PPDI, tegas Mujito, akan menggelar demonstrasi di Istana Negara paling lambat sebelum 16 Agustus 2018, karena sehari menjelang peringatan Hari Kemerdekaan RI, 17 Agustus 1945, itu adalah saatnya Presiden RI membacakan Nota Keuangan dan Pengantar RAPBN 2019 di depan Sidang DPR RI.
“Tapi sampai hari ini belum ada tanda-tanda peningkatan penghasilan perangkat desa menjadi setara PNS golongan IIA bakal dimasukkan dalam RAPBN 2019. Sebab itu, aksi akan kita majukan awal Agustus,” paparnya.
Kalau sampai perangkat desa demo di Istana, terang Mujito, maka ada dua masalah yang muncul sekaligus, ibarat pedang bermata dua. Satu sisi Jakarta akan macet, sisi lain pelayanan masyarakat dari daerah hingga pusat akan terganggu.
Perangkat desa adalah ujung tombak yang melayani masyarakat dari bayi lahir hingga mati, dari membuat surat kelahiran hingga surat kematian. Sejelek-jelek perangkat desa, mereka adalah tokoh masyarakat di lingkungannya yang sudah tentu punya massa.
“Saat ini jumlah anggota PPDI di seluruh Indonesia 890 ribu orang. Jangan remehkan perangkat desa,” tegasnya.
Ditanya apakah PPDI punya capres/cawapres yang akan didukung pada Pilpres 2019, Mujito mengaku punya, tapi ia tak menyebut nama. "Yang jelas dia adalah sosok yang tahu akan kebutuhan perangkat desa, dan juga bisa menjaga NKRI (Negara Kesatuan Republik Indonesia, red),” tandasnya.
Terpisah, Sesepuh PPDI Suhendra Hadi Kuntono mengimbau agar para perangkat desa menahan diri, dan menunda aksi sampai 16 Agustus 2018. “Bila pada tanggal itu di Nota Keuangan dan Pengantar RAPBN 2019 yang dibacakan Presiden Jokowi tidak tercantum nomenklatur peningkatan kesejahteraan perangkat desa dengan menyetarakan penghasilannya sama dengan PNS golongan IIA, silakan menggunakan hak konstitusionalnya sebagai warga negara, tapi tidak boleh anarkis," katanya.

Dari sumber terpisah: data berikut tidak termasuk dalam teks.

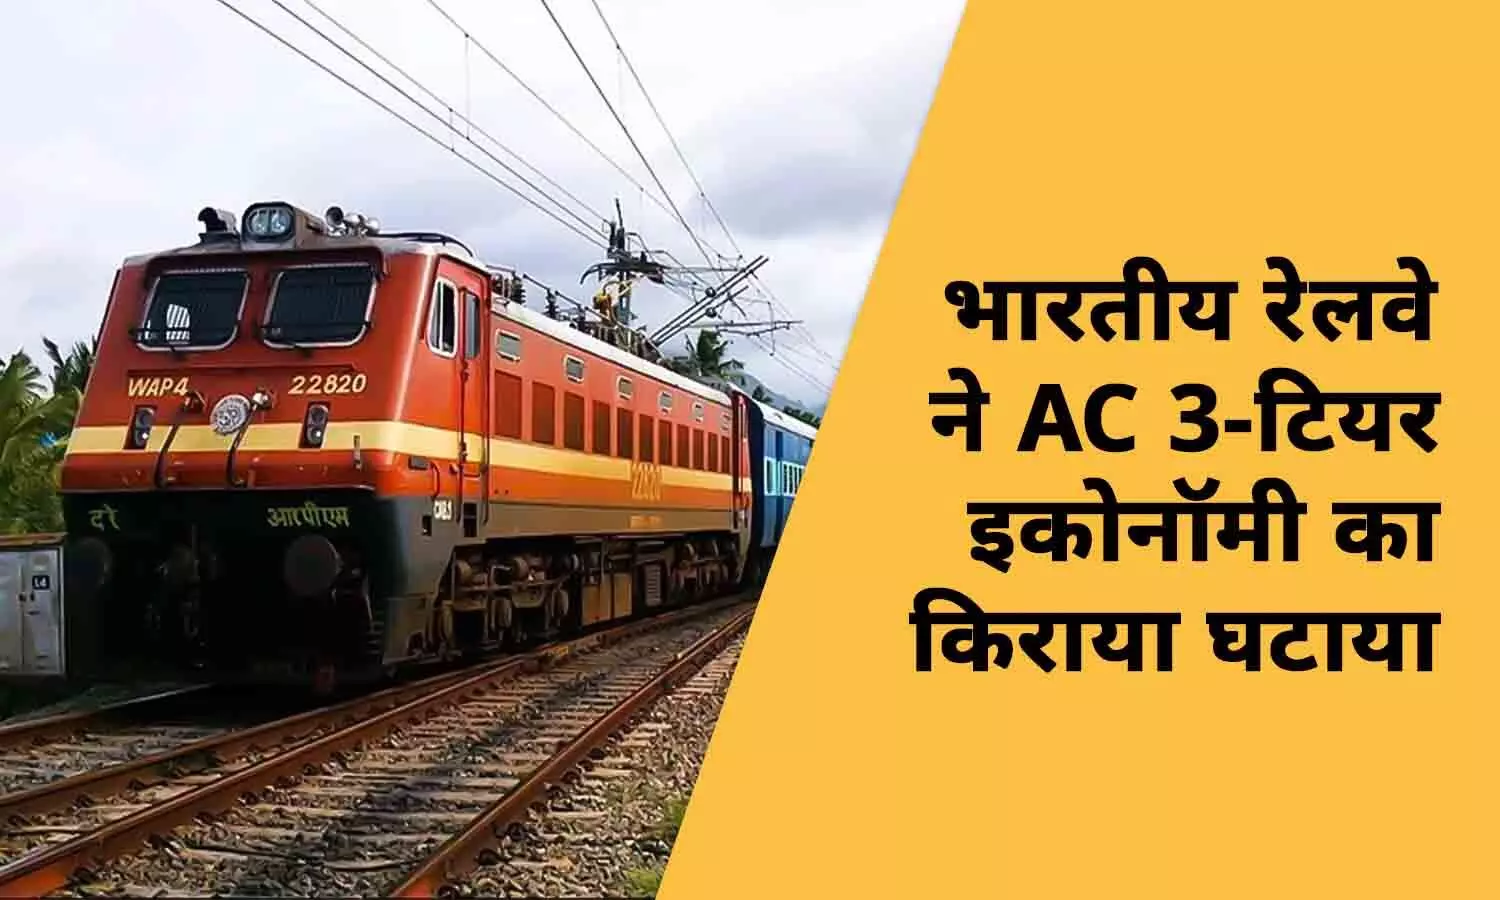 journey of AC 3 tier economy of trains became cheaper

Ditanya apakah dirinya salah satu nama yang diinventarisir PPDI untuk disodorkan sebagai cawapres ke Jokowi atau capres lain, Suhendra mengaku tak mau “GR” (gede rasa). Hanya saja, katanya, bila negara sudah memanggil, apalagi untuk menjadi cawapres, siapa pun anak bangsa ini tak boleh menolak.